Dispatch from the colony of
New South Wales, Australia 1854


Almost Vegetarian said...

Yours is one of those sites I trip across again and again, always greeting it as an old friend.

Always fascinating, often fun (sometimes revolting - how could anyone eat that?!), it is a delight.


The Old Foodie said...

Thanks Almost Vegetarian - I am glad you enjoy my blog - I try to keep the stories varied - different things appeal to different people. Please keep coming back, and leaving comments!

Anonymous said...

This made me smile, as I have such fond memories of damper. Perhaps it is because love is as good a seasoning as hunger. I have always been so in love with the romance of the bush that every time I've had a chance to have a bit of damper, especially if it's with billy tea by the side of a campfire in the outback, I've been overwhelmed by delight. I shall admit that the first time I had damper it was on a tour -- at Jondaryan woolshed in Queensland. But the second time I had it was at a bush camp in the Northern Territory. I've also sampled the damper prepared by an Aboriginal guide at Ross River Homestead. But my favorite dampers have always been those I had in wild places, feeling connected to history and the tales that still seem to whisper to me in the bush.

Barbara said...

Too funny Janet.

Shay said...

It is possible that Americans feel the same way about "riz" biscuits. I have yet to meet an American past second generation who is not nuts about baking powder biscuits although for most of us they come from a can or a freezer bag.

(until several years ago the most popular brand came in a container consisting of a metal disk on each end and a wrapper of heavy paper around the actual biscuits. To get the biscuits out, one pulled back one corner of the paper and hit the container sharply against the kitchen counter. The container would pop open with a loud crack. Nowadays they have modified the packaging and one only has to peel the paper away. These biscuits are still known, at least in my family, as "whomp" biscuits.)

Despite the fact that good baking powder biscuits are ridiculously easy to make, very few Americans have tasted the from-scratch kind.

I have been married for almost 25 years with rarely a ripple to disturb the pond of our marital harmony; and I attribute this to the fact that I make baking powder biscuits several times a week.

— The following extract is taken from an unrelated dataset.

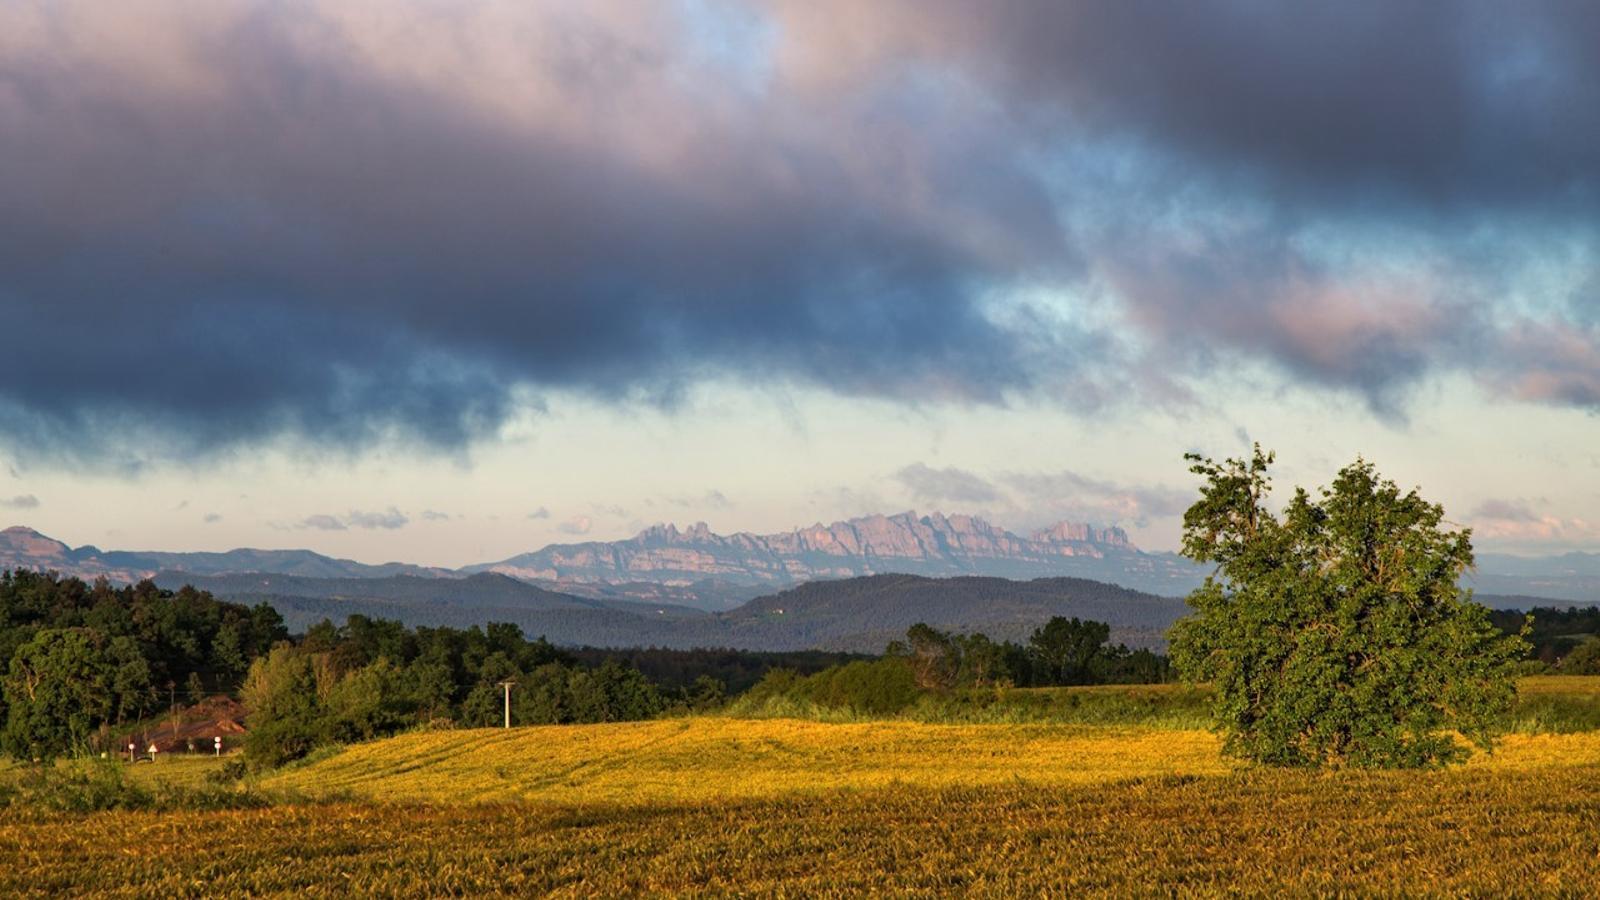 Sol, vent i tronades de tarda al nord del país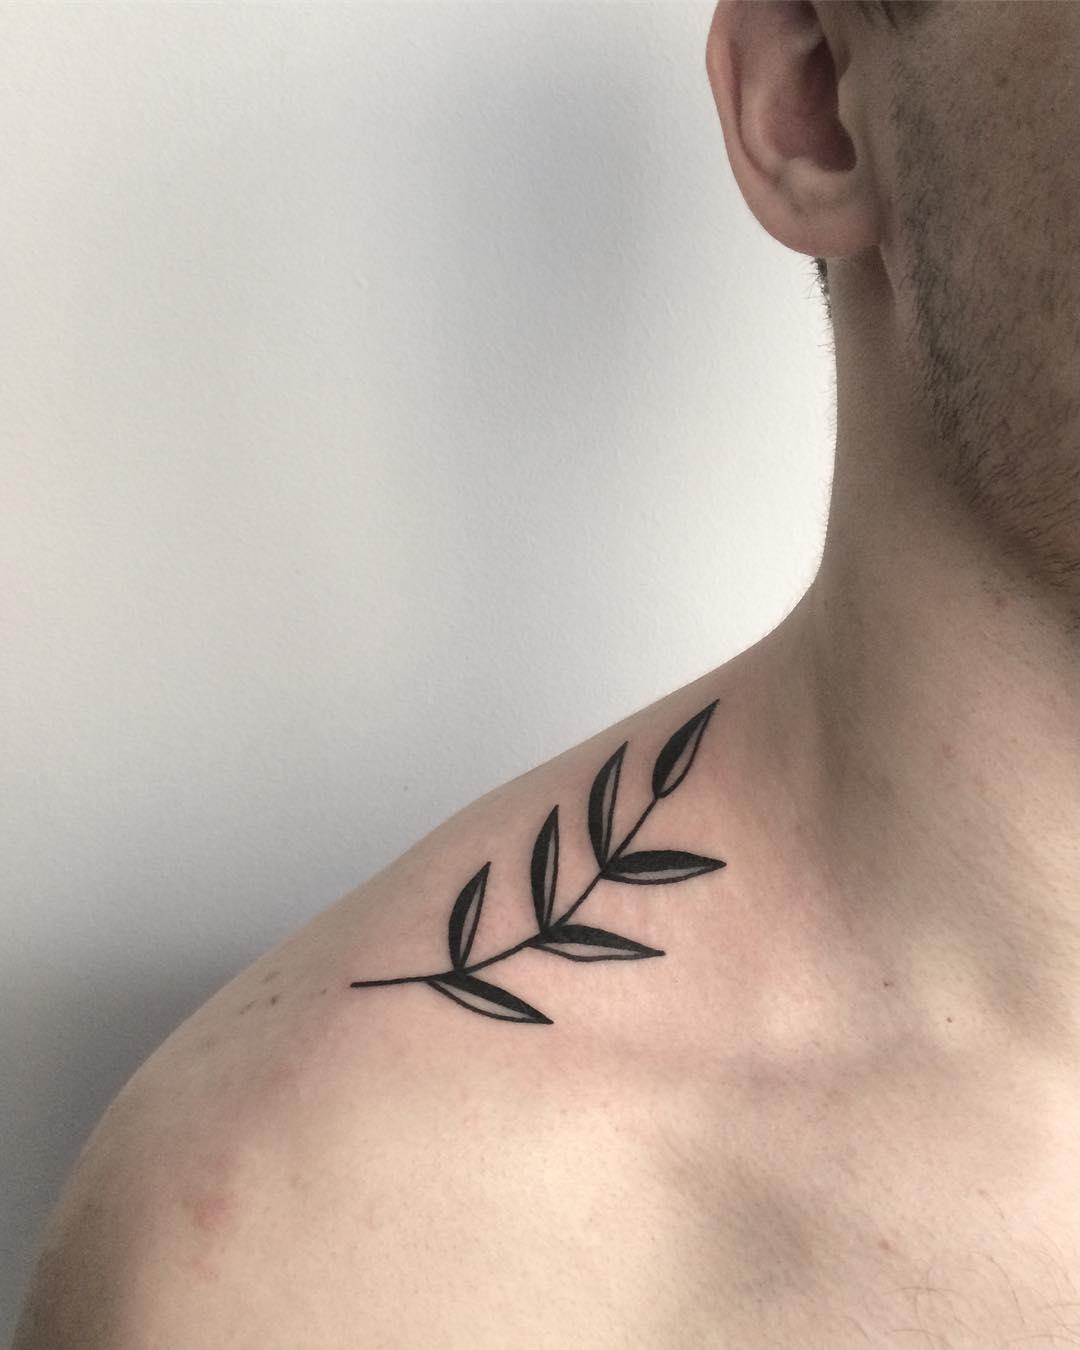 Small branch d by @skrzyniarz_

The US equivalent of damper would be johnnycake rather than biscuits, however, since biscuits call for shortening and baking powder while johnnycake is just cornmeal and water.

The Old Foodie said...

Hello Shay - I find the hassle of supermarket shopping much greater than making things from scratch (I know the ingredients have to be bought, but if you keep the pantry well-stocked it is not a problem). Why is it that people have stopped making even the simple things?

Andrew said...

Damper sounds like what we used to call "Bannock" which was made when camping. It was just flour and water mixed into a dough, then wrapped around sticks and cooked over the glowing coals of the campfire. The result was something like a pretzel, at least to our canoe-trip appetites.

In response to Shay's biscuit remarks, baking powder biscuits are a great entrée into baking for young children. We found our (then) 4-yr old daughter's touch was light enough to allow them to rise dramatically. Proving that biscuits are easy to make, but finicky to make expertly.